The next stop is one of the funiculars, the Funicolare Centrale that goes to the summit of the hill that Napoli is built on. We plug in the name of the funicular into Maps and we’re off. We are told that on the summit of the hill is the Castel Sant’Elmo and from there you get a great view of Napoli, the Gulf of Naples and Mt Vesuvius which has been cloud shrouded for days now.
We should have gotten suspicious sooner than we did. The first instruction from Maps sent us up hill across 2 or 3 side streets and then further uphill. We should have gone downhill or at least laterally to the bottom of the funicular. Instead, we were continuously going uphill. We eventually realized that Maps was up to one of its usual homicidal jokes but by then we were within shouting difference of the top. We find a sign pointing to the entrance of the funicular and it is the top station. We are dopes.
We wander about for a few minutes and decide to forget about the castle, we’ve had enough climbing. We find a nice small cafe and get some lunch at a street side table. Finished, we head back down on the funicular.

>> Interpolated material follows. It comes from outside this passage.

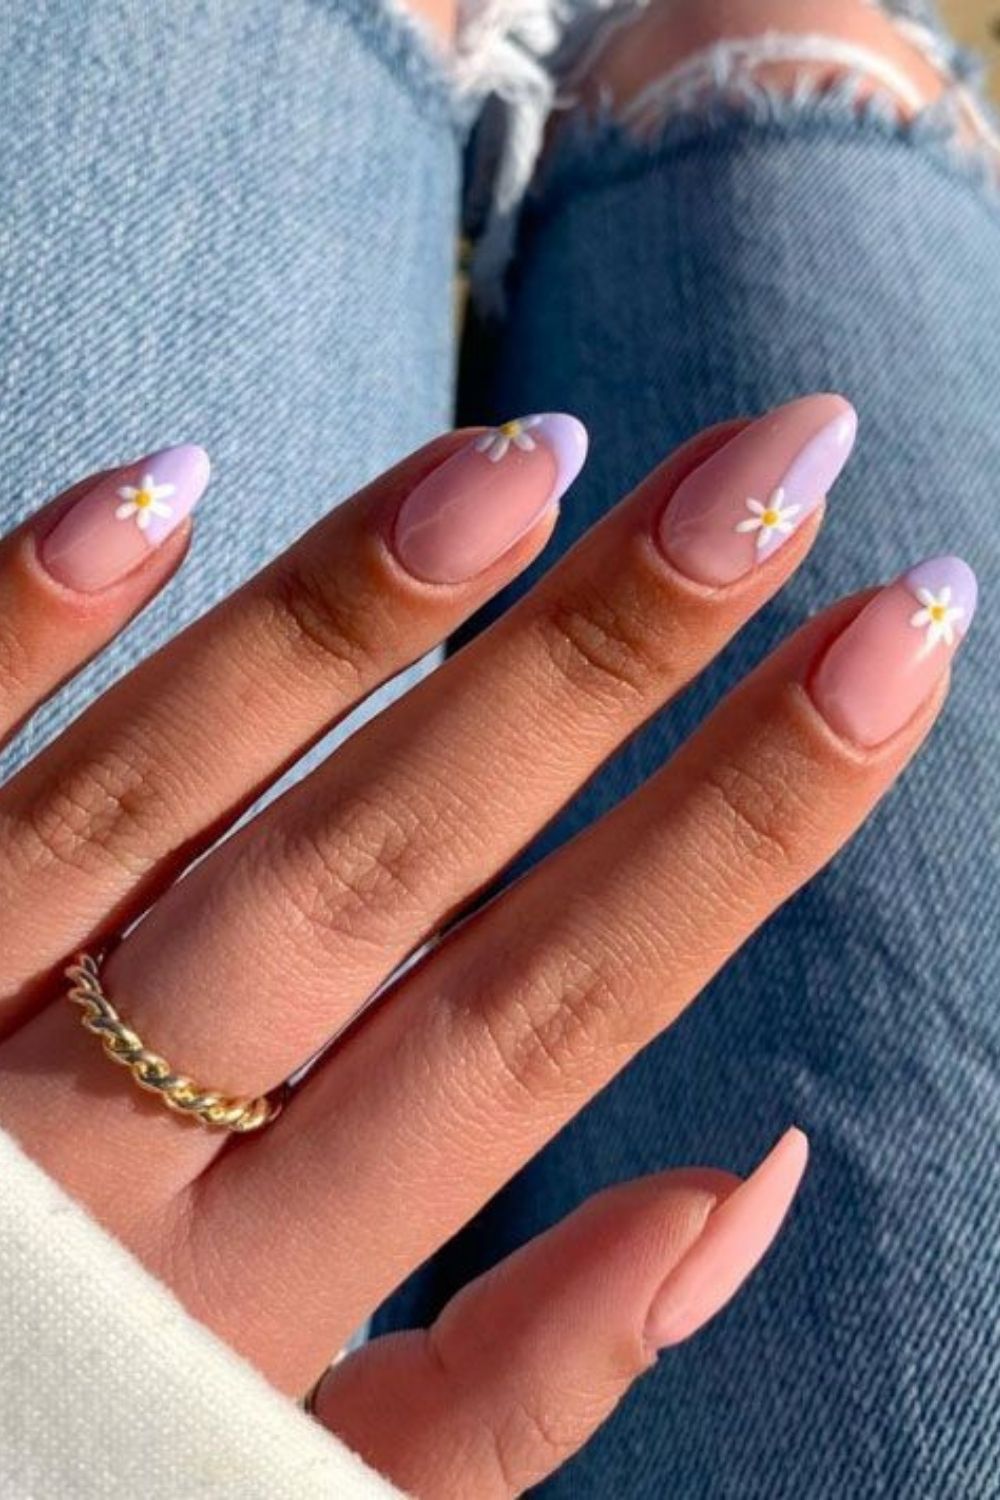 The Most Unique Nail Designs For Summer | Fashionisers©
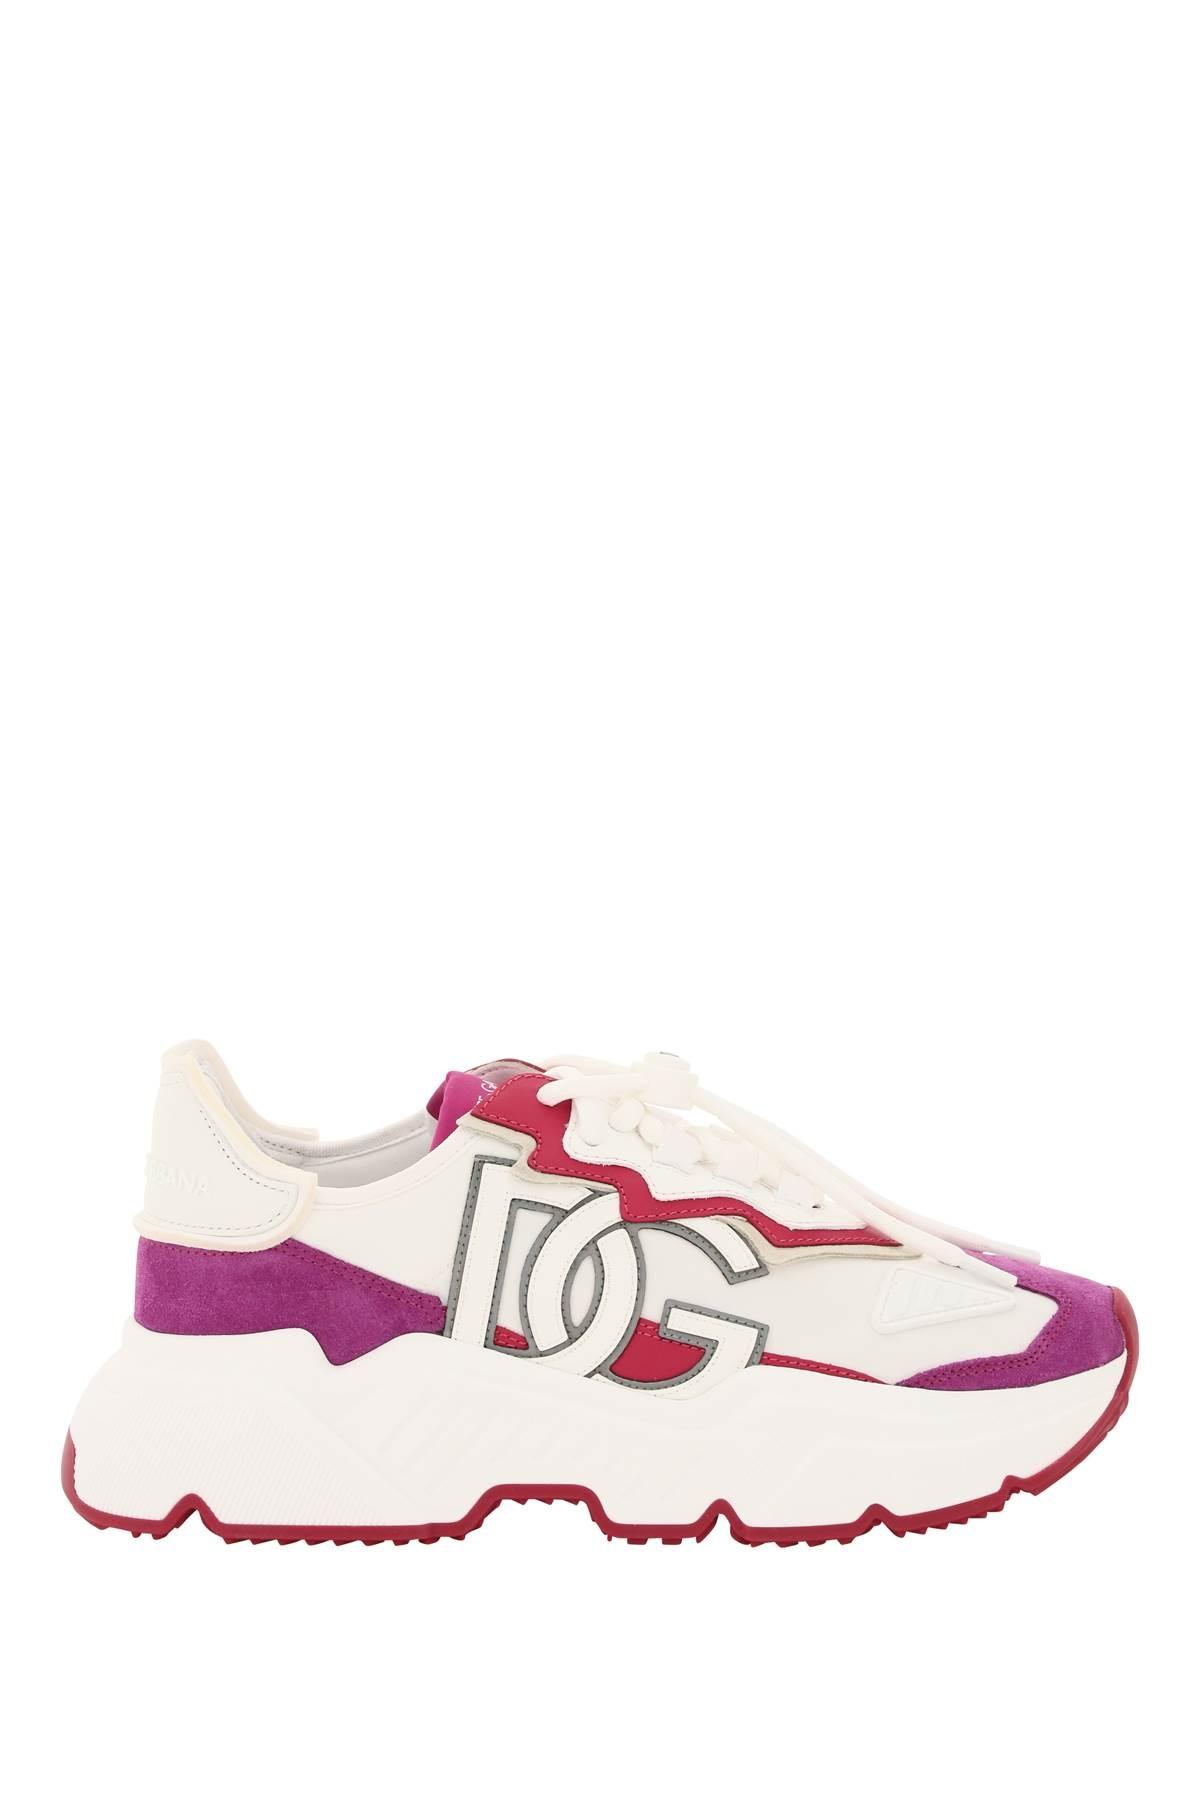 Dolce & Gabbana Daymaster Sneakers in Pink | Lyst

After figuring out the automated ticket kiosk (always a fun exercise when there are instructions only in Italian), we head down some stairs and get on the top carriage of the funicular. It has a few stops before we get to the bottom and get off to start the trek back to the apartment.
Of course, we(I) miss-count the number of stops and don’t realize that we have reached the bottom until the carriage starts back up. So we ride back up to the top. (At least we weren’t climbing steps again.) Laughing (we must be the only people who climb to the top of the funicular and then on the ride down, miss the bottom and have to ride back up), get to the top and since the funicular won’t be leaving for another 10 minutes and we have to buy more tickets to ride down, we decide to head for the castle. We really are dopes today.

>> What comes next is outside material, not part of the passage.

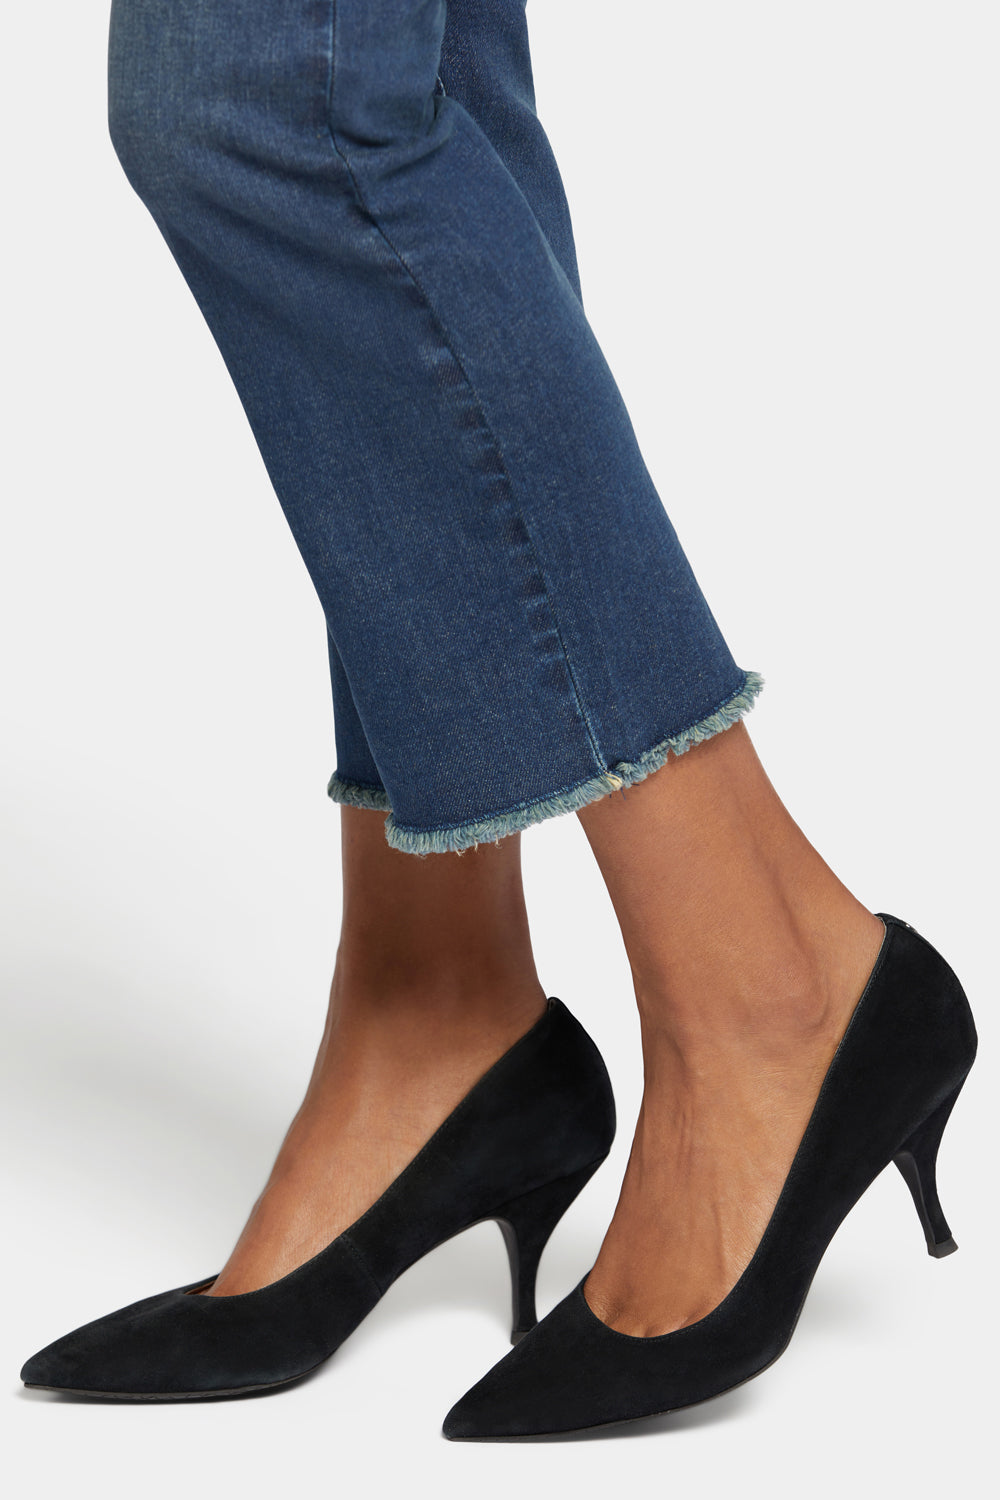 NYDJ Marilyn Straight Ankle Jeans With Double-Button Fly And Frayed Hems  - Precious

We head off to find the Castel Sant’Elmo which, of course, is uphill from the top of the funicular. As we trudge along, we meet an Italian man who starts chatting us up and eventually tells us that his brother is a cameo maker with a shop a the top of the hill. I don’t think that we looked that much like easy marks but we were the only ones on the street that he could approach.


At any rate, he brings to the shop and introduces us to his brother who actually makes the cameo. Over the next 15 or 20 minutes, he explains the whole process of making a cameo, from the selection of the type of shell to make the cameo to the techniques that he uses to carve to scenes. It’s a fascinating visit and in the end we do buy a small cameo for Ayron. Everyone ends up happy. On to the castle.

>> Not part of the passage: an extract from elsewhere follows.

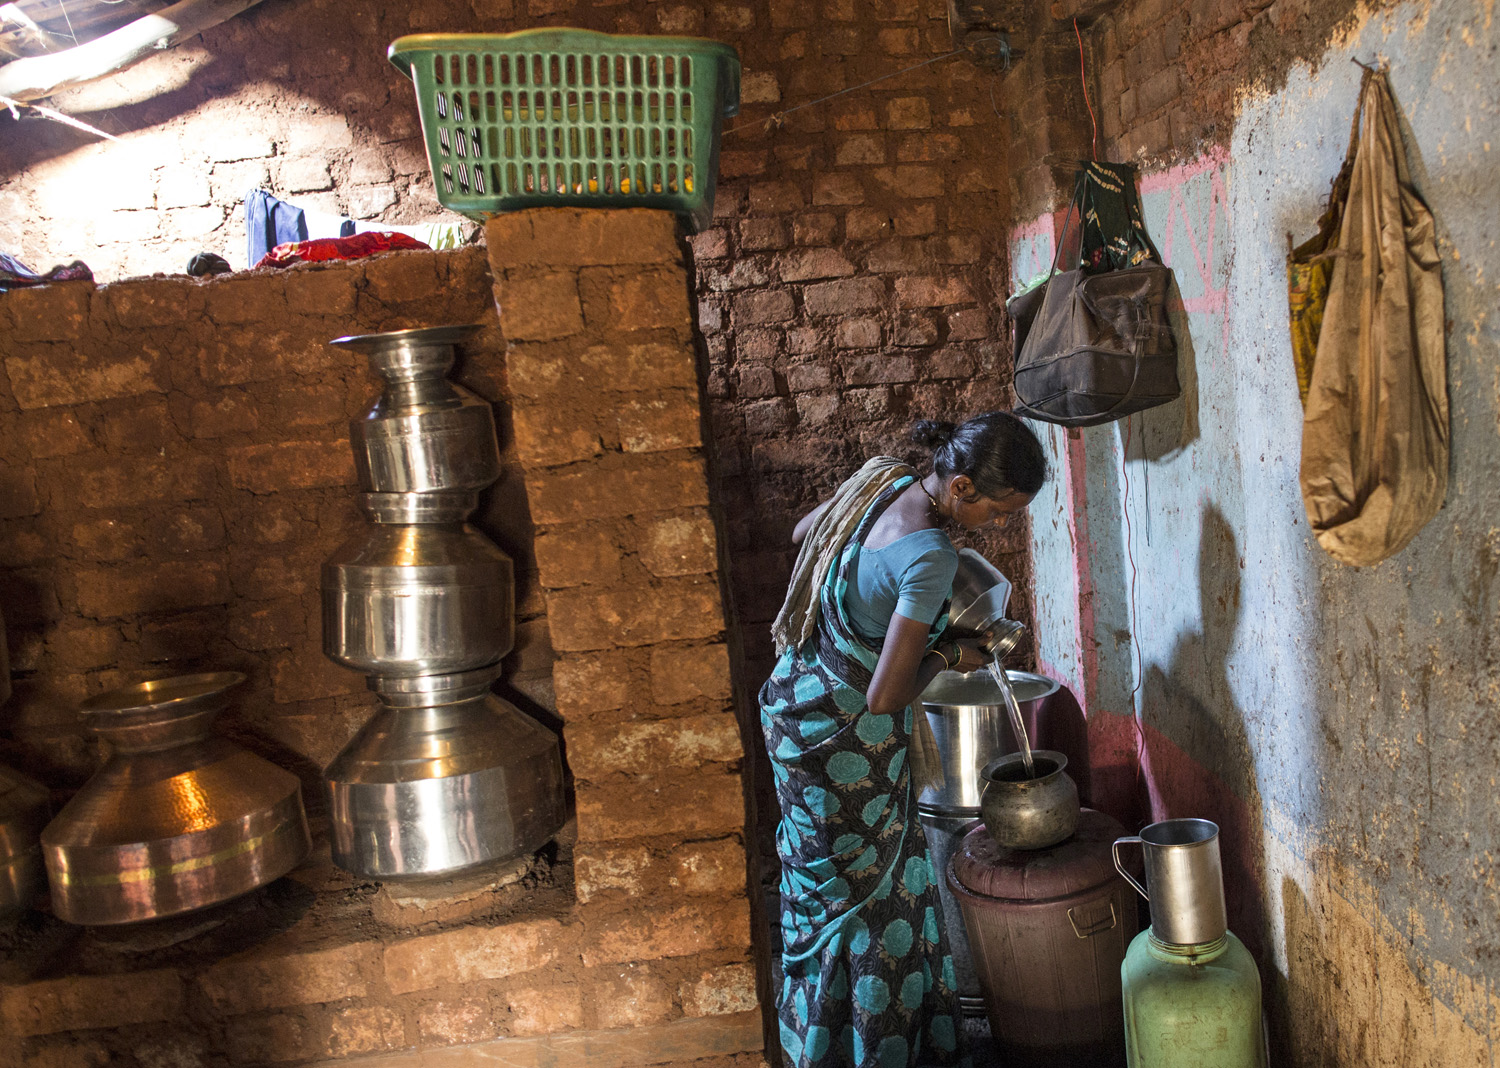  Shivarti, second wife of Namdeo, empties a water pitcher as she gets ready to fill water from a well outside Denganmal village.

The Castel Sant’Elmo sits on the highest spot in Napoli and has a commanding view of the Gulf of Naples and the surrounding area. To south is the majestic volcanic cone of Mount Vesuvius that buried Herculaneum and Pompeii in 79 AD. Built between the 1200’s and the mid 1500’s, it has survived intact and now is a museum open to the public.

But the view is what really makes the climb worth the effort. And today is a beautiful postcard day with a brilliant blue sky and almost no clouds save the few flitting around the summit of Vesuvius. We take our pictures and visit the museum and then it’s back to the funicular.
This time, we ride to the bottom and get off at the bottom which seems like an accomplishment considering the way the rest of the day has gone. Along the way we stop at the Galleria Umberto I

which we had visited when we first came to Napoli many years ago. At that time it was beautiful cross-shaped building that was a bustling shopping center. Today, it is a UNESCO World Heritage site that has fallen on hard time. There are almost no stores or people which is sad considering how beautiful the architecture is. Time marches on.
We slowly make our way back to the apartment and call it a day. The air conditioning hasn’t been fixed but the apartment is cool and the fan more than suffices. Later, we’re back on the street for dinner and a gelato night cap. Tomorrow, an early flight to Sicily.